Ellicott v. Ellicott

6 G. & J. 35
CourtCourt of Appeals of Maryland
DecidedDecember 15, 1833
StatusPublished
Cited by6 cases

This text of 6 G. & J. 35 (Ellicott v. Ellicott) is published on Counsel Stack Legal Research, covering Court of Appeals of Maryland primary law. Counsel Stack provides free access to over 12 million legal documents including statutes, case law, regulations, and constitutions.

Bluebook
Ellicott v. Ellicott, 6 G. & J. 35 (Md. 1833).

Opinion

Dorsey, J.,

delivered the opinion of the court.

Three reasons have been assigned on the part of the appellee, why the decretal orders appealed from should not be reversed. First, because none of the parties interested have any cause to complain of them. Secondly, that if such cause of complaint does exist, as regards those distributees of Elias Ellicott, who are not nominatim parties to this appeal, their equities cannot be relied on as grounds of reversal by the appellant trustees. And thirdly, that if the appellants are injured in their rights as distributees, they have in the discharge of their duty as trustees, been guilty of such gross negligence and misconduct, as to have rendered themselves justly chargeable with a still greater-amount of loss, than that to which their individual rights have been subjected.

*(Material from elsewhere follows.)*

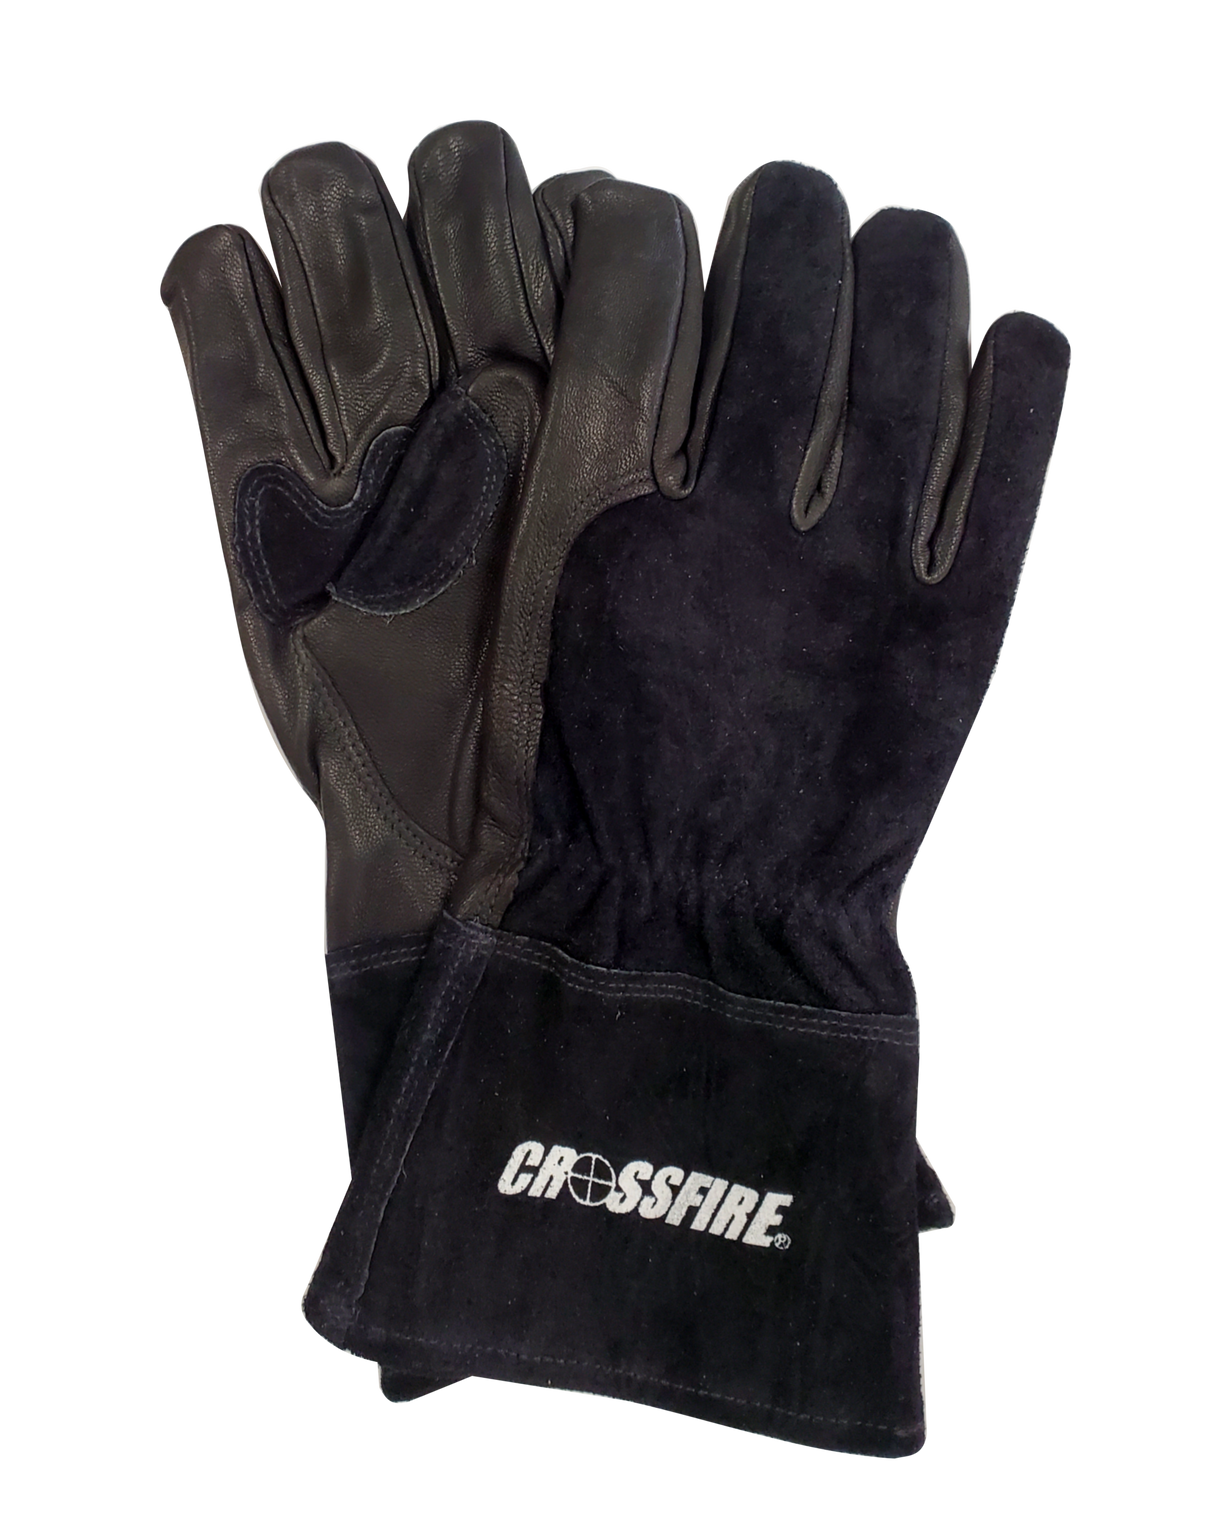 Crossfire Welders Welding Gear Premium Heavy Duty MIG-Stick Welding Gloves

We will proceed to consider these propositions in the order in which they have been stated. To sustain the orders from which the appeal has been taken, it is asserted to be a rule in courts of equity of this State of universal truth, that where the estate of a deceased person, sold for the payment of his debts, is solvent, his creditors must be paid interest on their debts up to the time of their payment. If [42]*42up to the day of sale, instead of the day of payment, had been the time specified, this assertion could not have been controverted. But there exists not, and never did exist, in our Chancery court such a rule as that which has been stated. The universal mode of auditing accounts in that court, in such cases, has been to calculate interest on claims against the deceased up to the day of sale, from which time the claimants on the amounts thus ascertained, become as it were creditors of the fund arising from the sales, and entitled respectively to their proportions of the interest it may bear. If the sale be for cash, no interest is received by the creditors after the day of sale; if on a credit (and consequently carrying interest) should the creditors be paid, as using due diligence they would be, on the day of the receipt of the money by the trustee, they would receive not only simple interest on their debts from their maturity, but interest compounded from the day of sale. And this practice of the court of Chancery is founded on the soundest principles of equity and justice. If a creditor goes into that court for relief, and causes his debtor’s property to be sold for cash, to the full amount of principal and interest, ought not the debtor to be absolved from all further liability? So, on the other hand, when the sale is on a credit, the delay being for the debtor’s benefit, the creditor is placed in as eligible a condition in legal contemplation, as if he had been paid his debt and interest on the day of sale; the amount thereof bearing interest from the time of sale, until it is received by the trustee, who hands it over to the creditor the moment it is called for; (the necessary audit with its ratification being first obtained.) The procuring of which, though properly the act of the diligent, faithful trustee, is equally within the power of any of the creditors.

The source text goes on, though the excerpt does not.